Of course, many writers attempt to give themselves “get out of jail free” cards when it comes to dialogue. The classics I hear most often are:

1) “This script is for television.”

2) “Sitcoms are dialogue-led.”

3) “This script is for children.”

4) “This script needs a lot of exposition because it’s a police procedural/medical series.”

5) “This feature is a drama.”

So let’s take a look at each of them.

1) Television has more dialogue than film, sure. But there aren’t many of you out there writing spec soaps — I get roughly 2 or 3 of those a year at most. Most writers wanting to write for television have spec returning drama series as a sample instead and have exchange after exchange of dialogue, paying TOO MUCH off within it, as if this is the *norm*. It’s not. Check out the likes of Spooks, Torchwood, Dr Who, Hustle — all are known for strong visuals AS WELL AS dialogue. Oh, and enigmatic frontmen who “do” plenty – more than they “say”, I would argue.

2) Sitcoms are very much about dialogue, but they’re not just about *funny lines*. The sitcoms I read most often could be just gag after gag, concentrating so much on the comedy aspect, the actual situation part is forgotten. What’s more, if you watch any of the *great* sitcoms you’ll see it’s not just about spoken jokes either, but other devices such as reported character, visual gags, farce, structural set ups and pay offs and even a dose of pathos in some of them. So yet again, whilst sitcom MIGHT be “dialogue-led”, it’s not quite as dialogue-led as you might think… Which is why it’s so hard to write.

3) No, no, no… The idea that children need more dialogue than an adult is WRONG. Children growing up now are more media literate than any child of any generation before. They don’t need extended chunks of explanation, in fact they’re more likely to find THAT confusing! Because to the average kid – especially those under approx 12 – “what you see is what you get”, but crucially they’re instinctively decoding the layers as well, they *know* there are secret messages. The next generation is all about the visual, don’t underestimate that for one second.

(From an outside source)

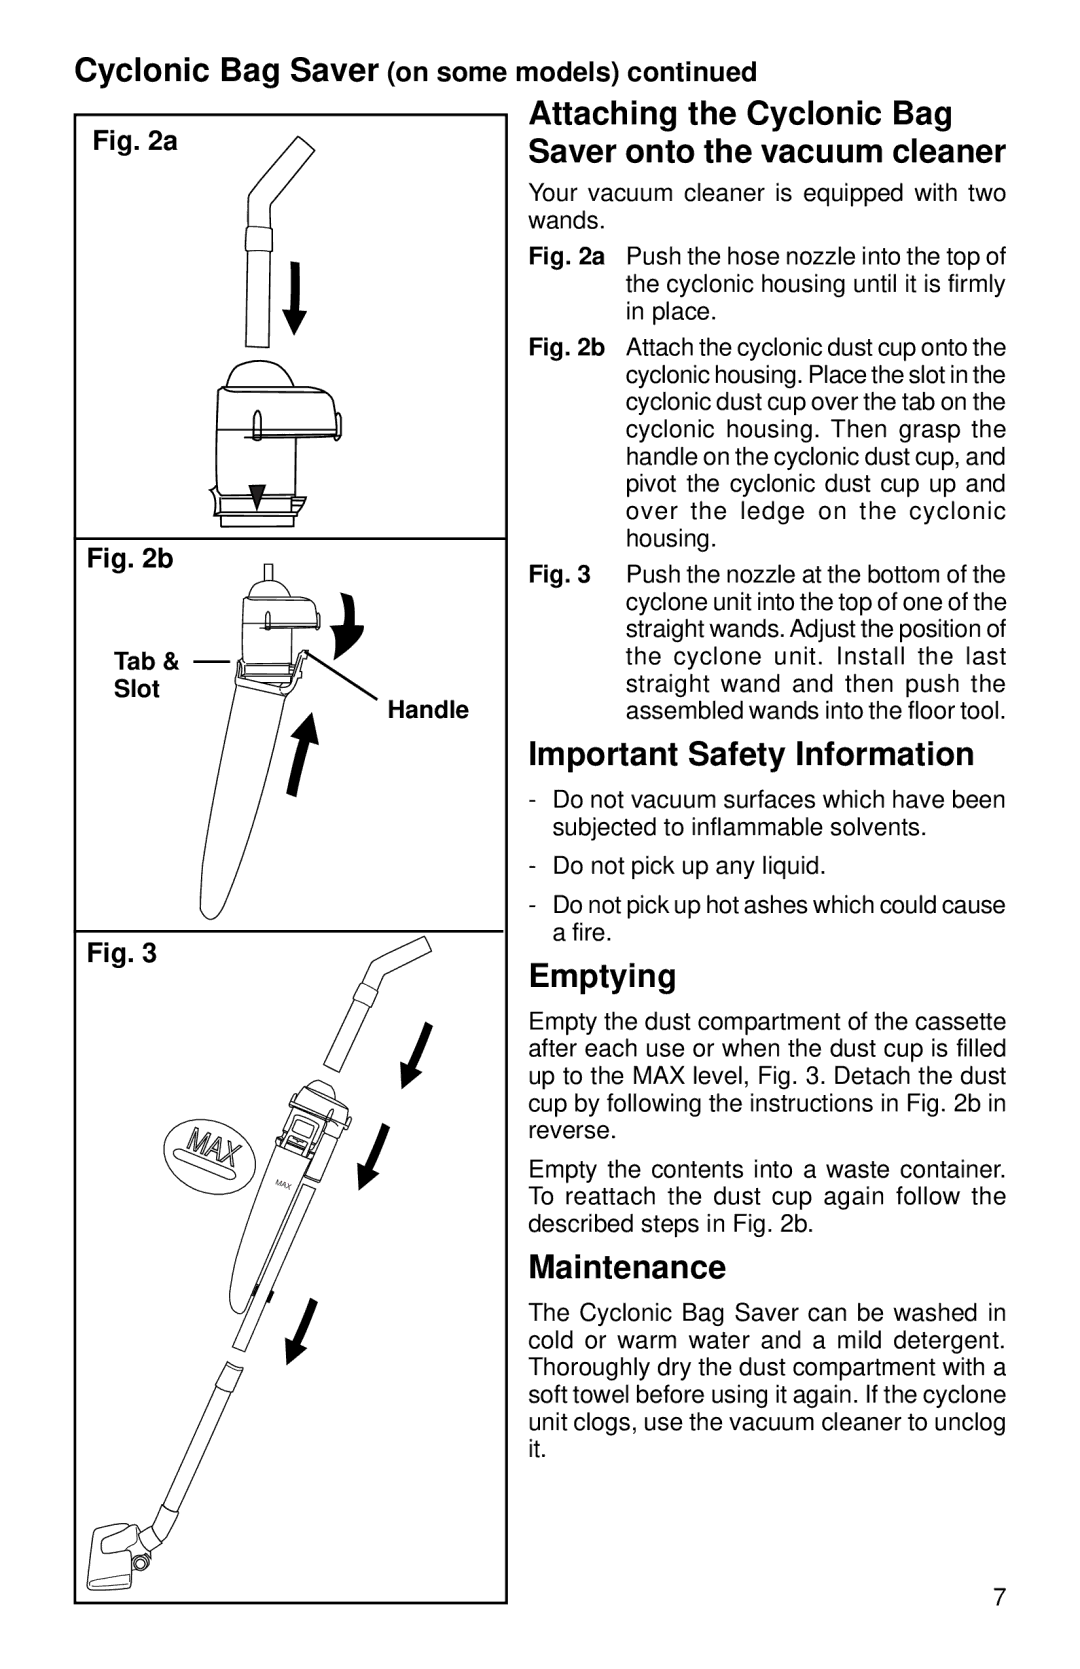 Eureka 3670-3695 warranty Attaching the Cyclonic Bag Saver onto the vacuum cleaner, Important Safety Information, Emptying

4) Police procedurals and medical dramas do need a lot of exposition, sure. But if that exposition is STANDING IN for the actual drama – the *doing*, if you like – then you have a problem, end of.

5) Drama features indulge in the “ordinary” and/or “plausible” and can not only be forgiven for having more dialogue than the genre film, it’s ENCOURAGED. But to do this, the dialogue has got to ROCK. Too many writers believe writing a drama means they can write the kind of dialogue THEY might say in REAL LIFE, the type that doesn’t really go anywhere or add anything. Actually, in the drama features, its dialogue has to perform the same function as in ALL OTHER scripts: push the story forward, reveal character. Or it needs to be cut.